This is a parable  we all can understand, especially parents. A father has two sons and tells them to work in his vineyard. The first son says, "I'm on my way" and never goes. We can understand the disappointment and anger of the father. We can also understand the father's frustration when the second son says, "No, I'm too busy." But then he goes and does the work. We can appreciate as well the father's love and forgiveness to the son who finally followed through.


It is the difference between words and actions. We all know people who are superb with rhetoric and promises but seem to disappear when it comes to performance. Something always seems to come up.


The Lord addresses this parable to the Scribes and Pharisees who were so precise about the Law but in their daily lives did not show the mercy and compassion God wanted. They are like the first son. Their words said "yes" but their lives said "no." Then, there were the outcasts who lived lives of sin but at John the Baptist's call to repentance, they changed. Initially they said "no" to God, now they embraced the kingdom life. Like the second son, they ended up doing the Lord's will.


We can apply this parable to ourselves in three ways.

First, how we actually live our lives shows what we really believe. Our actions, more truly than our words, show what we really believe and to what we are really faithful. A person may be able to articulate a perfectly orthodox faith yet live as a functional atheist. The best evidence of what we really believe is how we live. Spouses show love not by words but by actions. We show our loyalty to our friends not by words but by standing by them in good times and bad. Our lives, more than our words, show what we really believe.


Secondly, in all of us there is a gap between what we profess and how we live. We all can say along with St. Paul in today's second reading that Jesus is Lord. But, is Jesus really Lord of our life, of our financial life, our social life, our professional life, our work life, our private life and our family life? That is what conversion of life is all about. When we speak about "conversion" we usually mean someone joining a church. But it also means a more thorough embrace of what Christianity means. Often, it takes time to truly let Jesus be Lord.


Thirdly, this brief parable of the Lord about the father and his two sons is a parable of high consolation and of deep challenge to us: The example of the second son who said "no" and then went and did the work in the vineyard teaches us that a person's "no" can become a "yes." Sometimes, for all kinds of reasons, people distance themselves from the Lord and from the Church. Then, at certain junctures of their life, they gradually find themselves working in the vineyard, doing the Lord's work. Their "no" becomes a "yes."


There is another, more troubling side to this parable. Like the first son, we can find ourselves going through the motions of prayer and performing the traditions of our faith but the substance of surrender and obedience is gone. Our "yes" has become a "no." We can find ourselves going through the motions in marriage but the commitment to that one other person that should shape everything we do has evaporated.
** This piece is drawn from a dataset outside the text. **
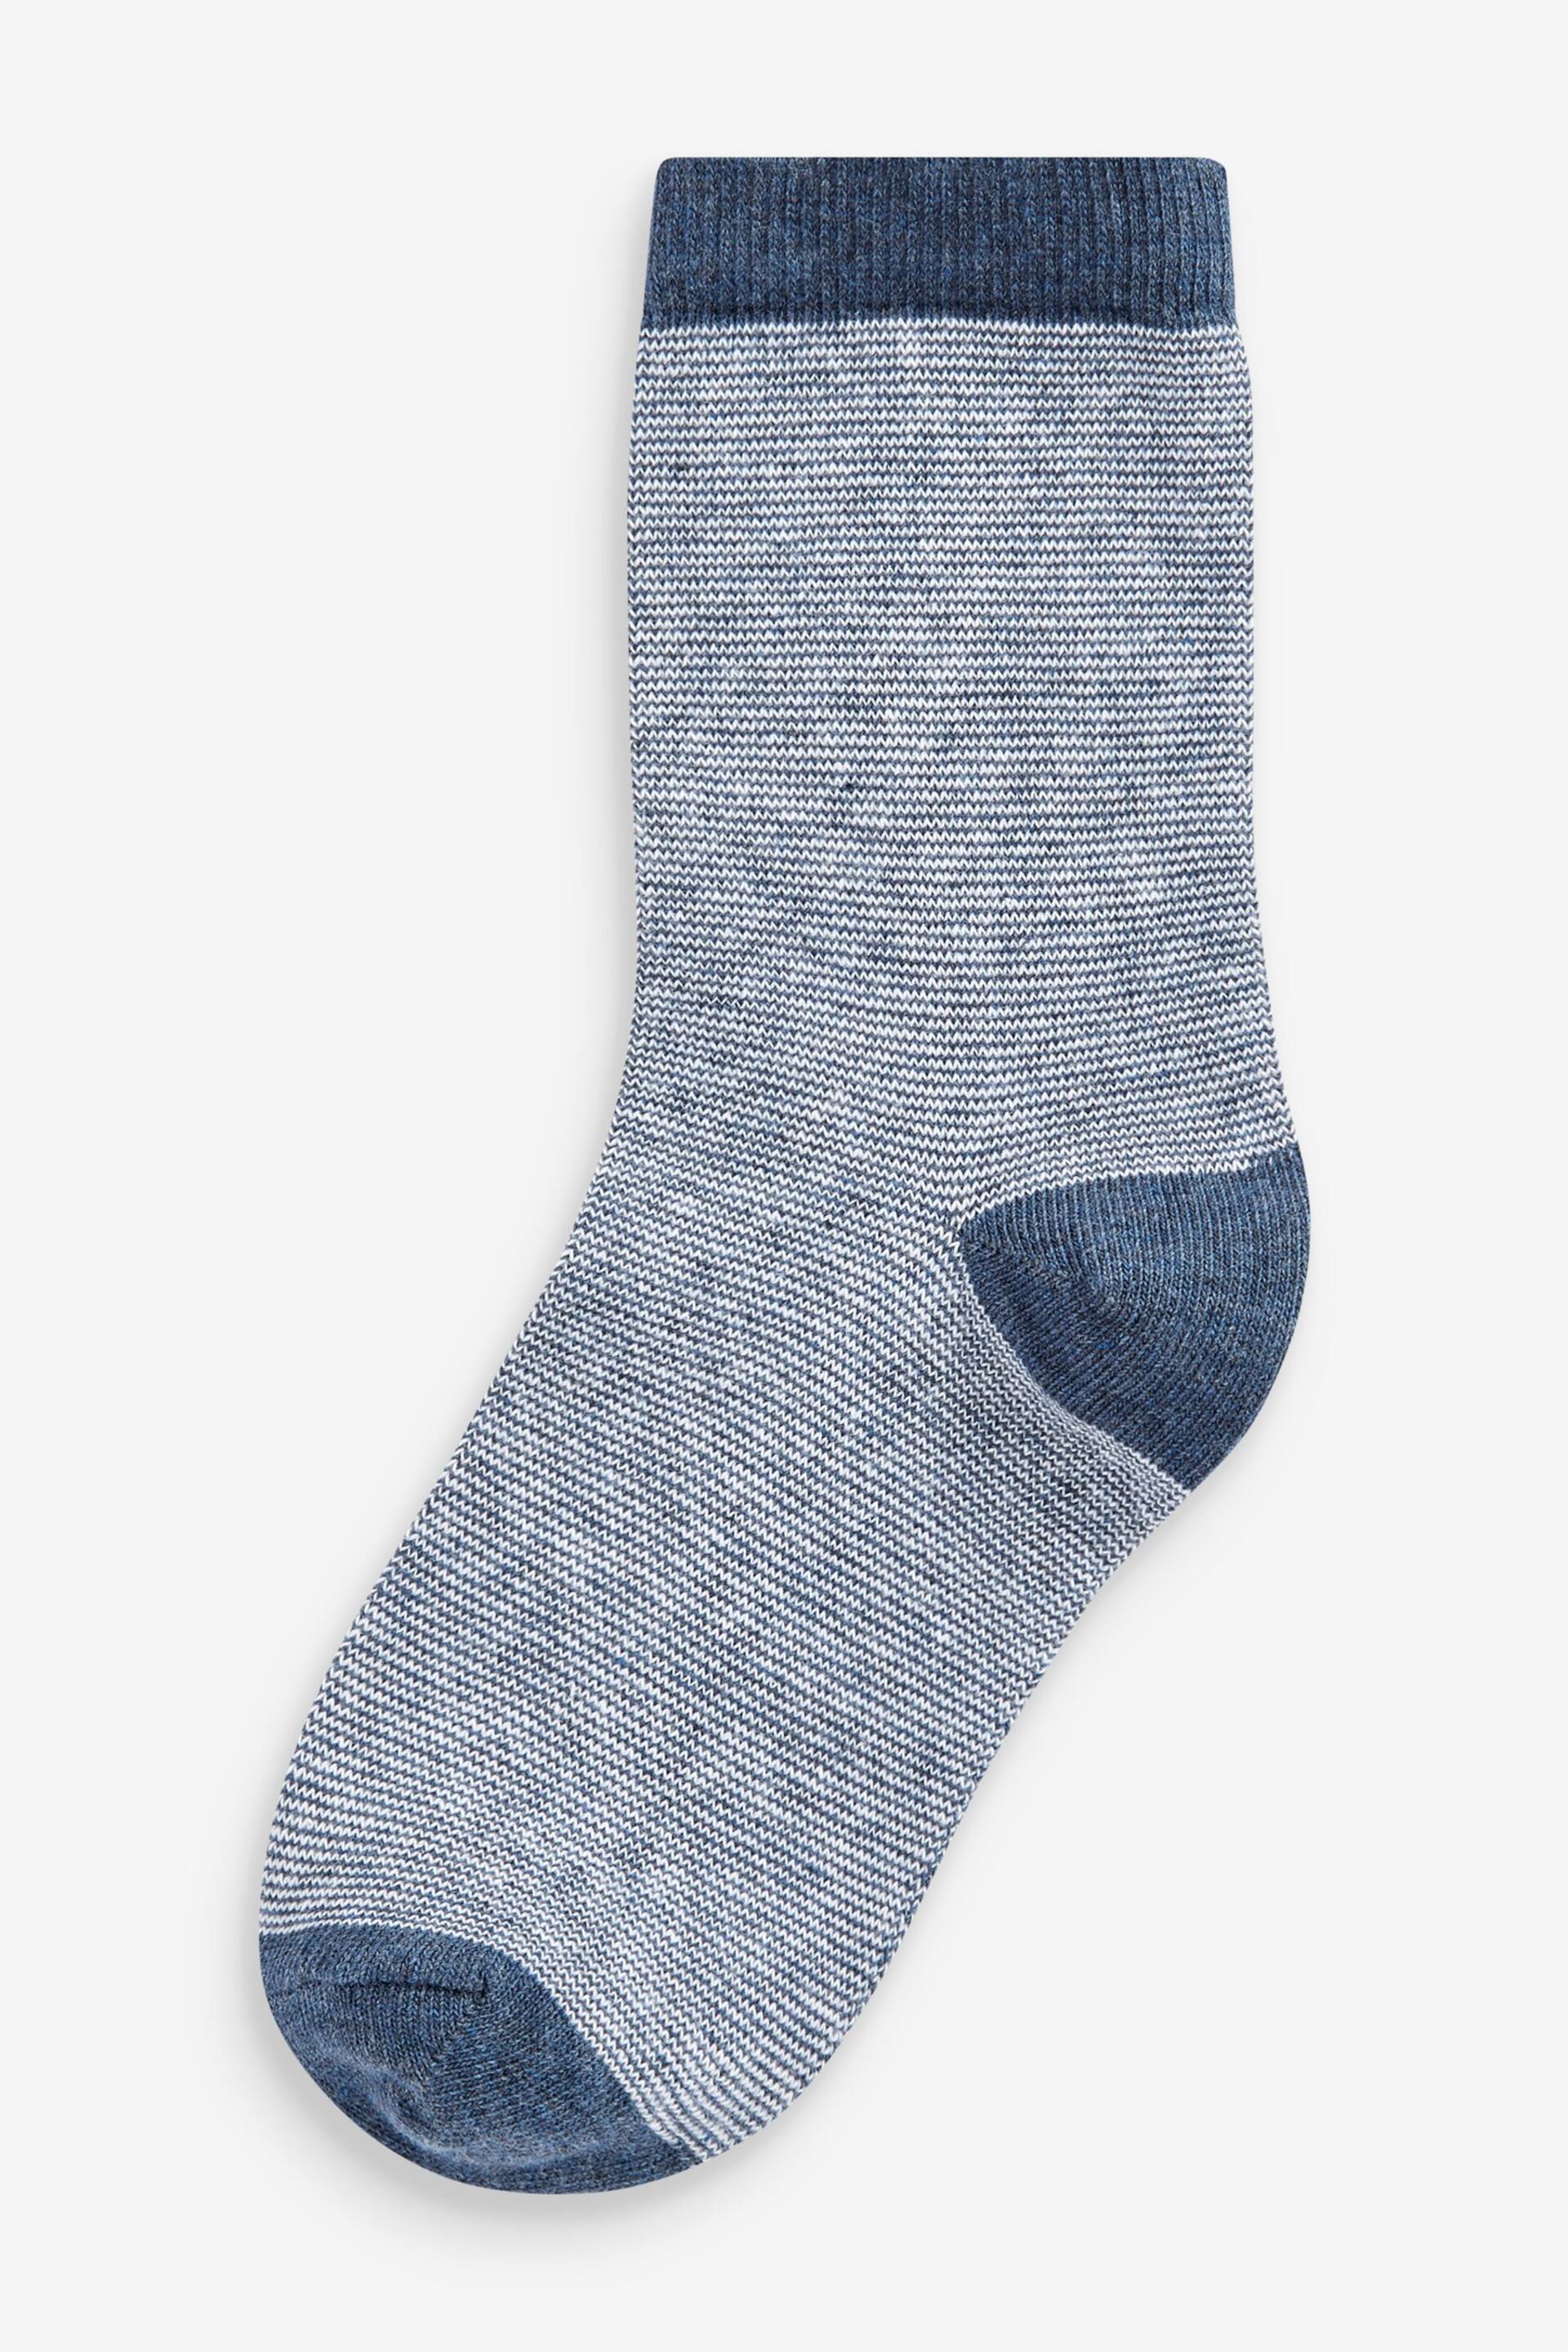 Blue Stars Cotton Rich Socks 7 Pack - Image 3 of 9

We are living off fumes. Our "yes" has become a "no."


We can make great commitments to the Lord at Christmas or at Easter and when the time for follow-through comes, rationalizations for delay flow from our minds and we do nothing. Our "yes" can become a "no."

We all can describe the problems of our world in some detail. The capital sins are alive and well. But what do we do in the face of such a situation? Do we endorse it, enhance it, amplify it, continue it, pass it on, or do we oppose it, contradict it? Do we take the cues for our life from life around us or from the Lord of life? Do we allow the world to turn our "yes" into a "no"?

Is our "yes" to Christ becoming a "no" in how we live? That is the haunting question of this parable for every one of us.